In order to really understand how microorganisms tolerate their chemical / physical / biological environments (one aspect of the study of microbial ecology), and respond to environmental change, technologies are needed to better sample organisms, and the biomolecules they produce.

The goal of this project is to develop genomics approaches for studying microorganisms sampled directly from extreme environments.

The Antarctic marine psychrophiles are the extreme organisms of choice for this study. Scientists are just beginning to learn about their biological diversity, and we know little about their various functions in the ocean, or about the specific metabolic adaptations required by these organisms for life at the subzero temperatures (0 to -1.8°C) sustained in the Antarctic marine environment.

This research aims to reveal new DNA sequences that encode psychrophilic gene products which contain vital clues for understanding specific psychrophilic adaptations of Antarctic bacterioplankton.

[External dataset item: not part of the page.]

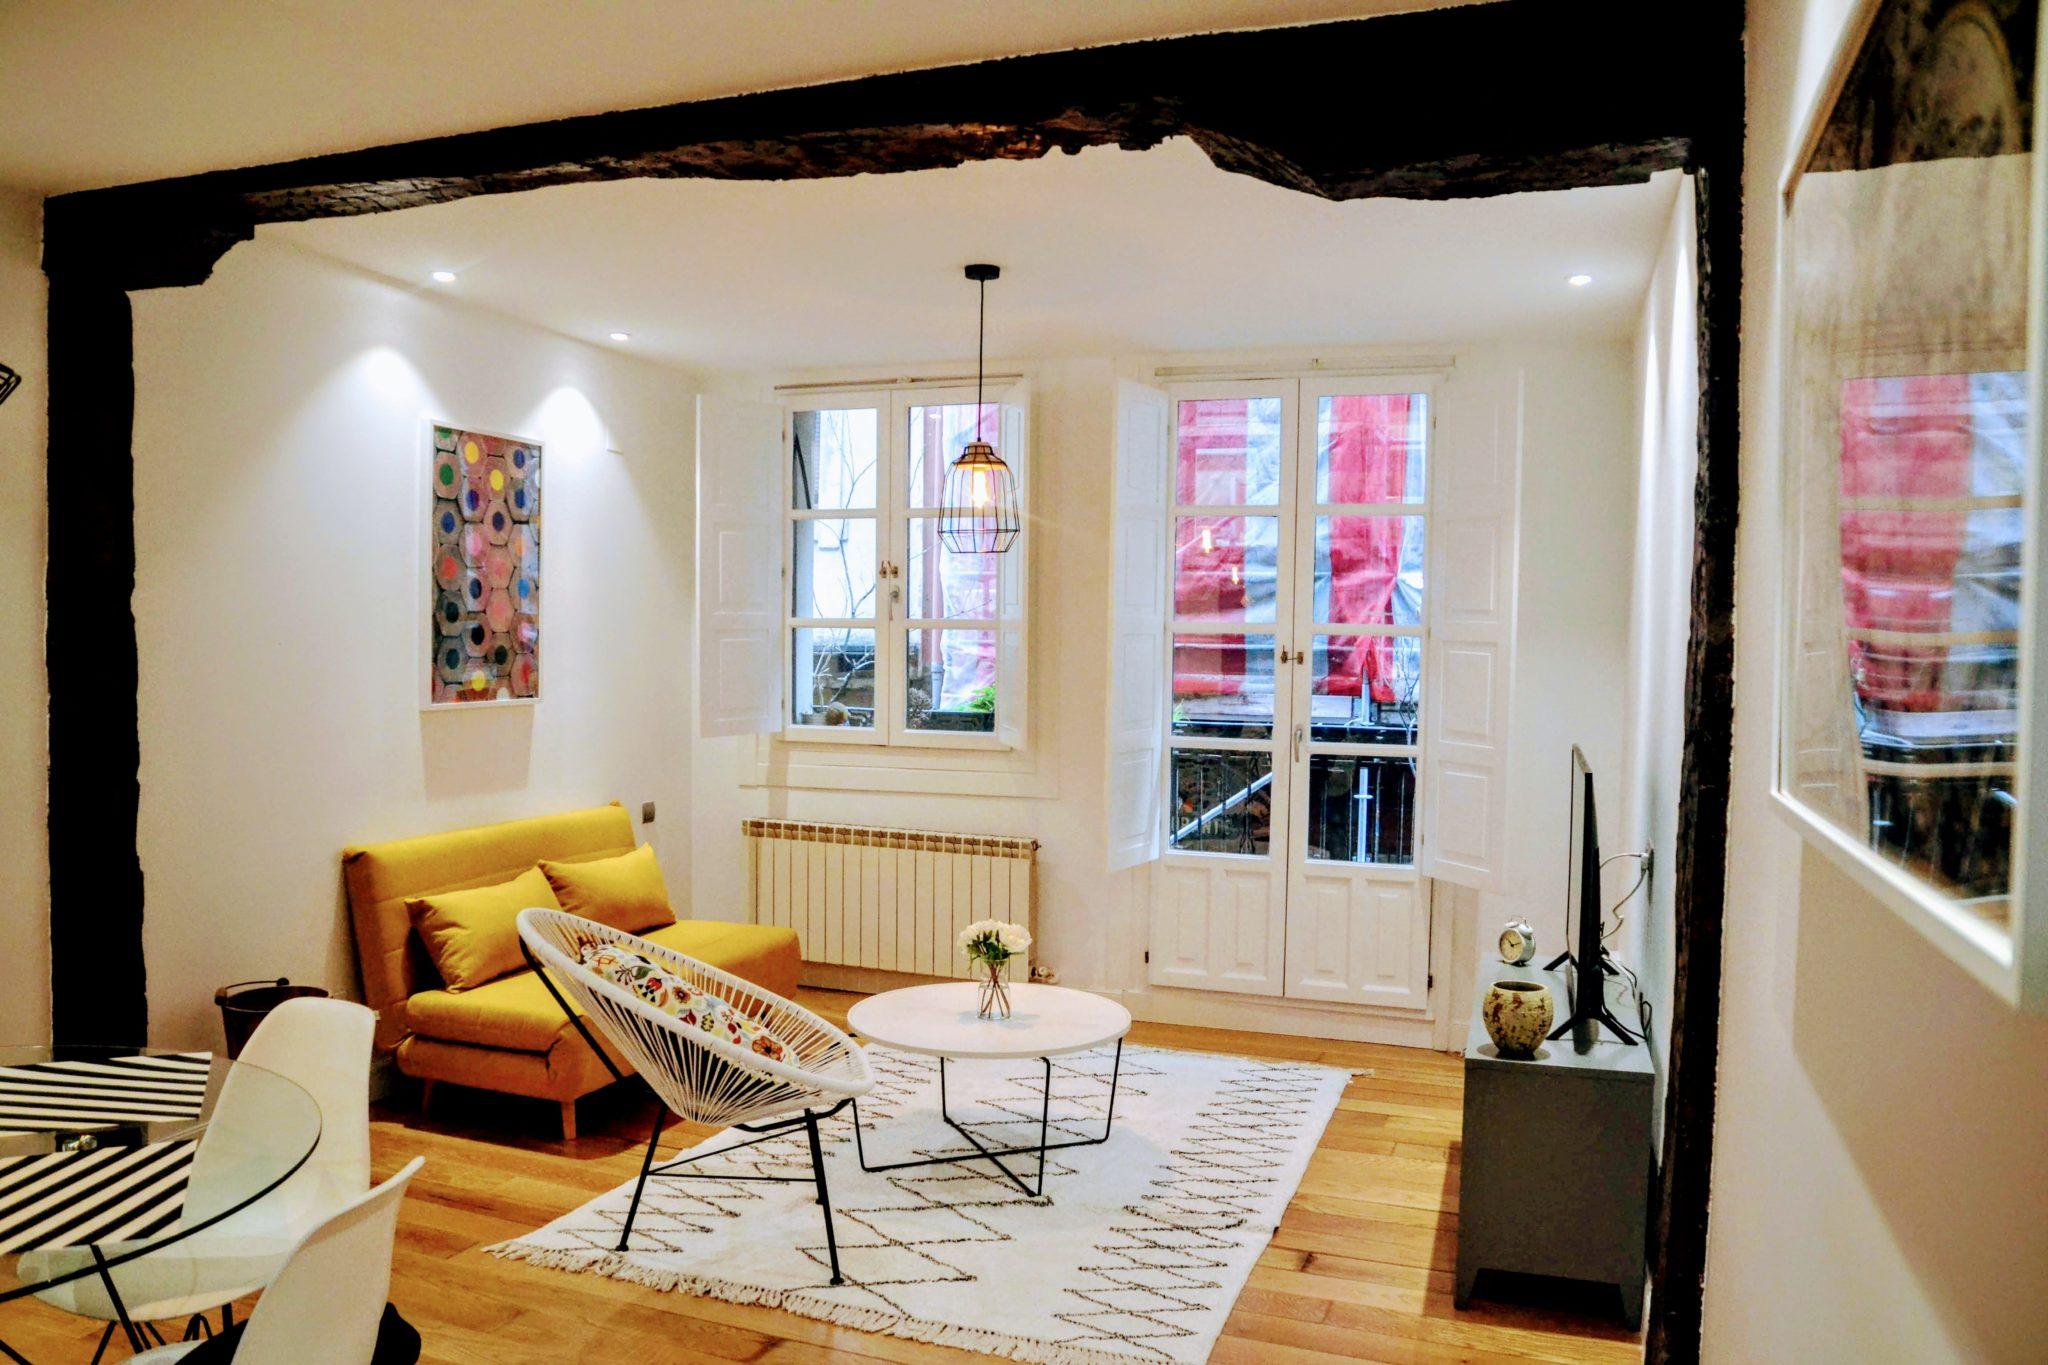 Inmobiliaria Casco Viejo Bilbao - Inspirate y decora tu piso en el Casco Viejo de Bilbao

The application of DNA microarray technology to studies of life in extreme environments offers an outstanding opportunity to identify new genes for biotechnological use, and to discover specific adaptations for survival in extreme environments by detecting genes that are uniquely expressed in the natural environment.

Through the use of an existing microbial genomic DNA library generated from picoplankton DNA collected in the Antarctic, we are exploring the potential utility of DNA microarray technology (GeneChips) to help us gain a better understanding of how microbial organisms survive in the various types of harsh environments that they call home.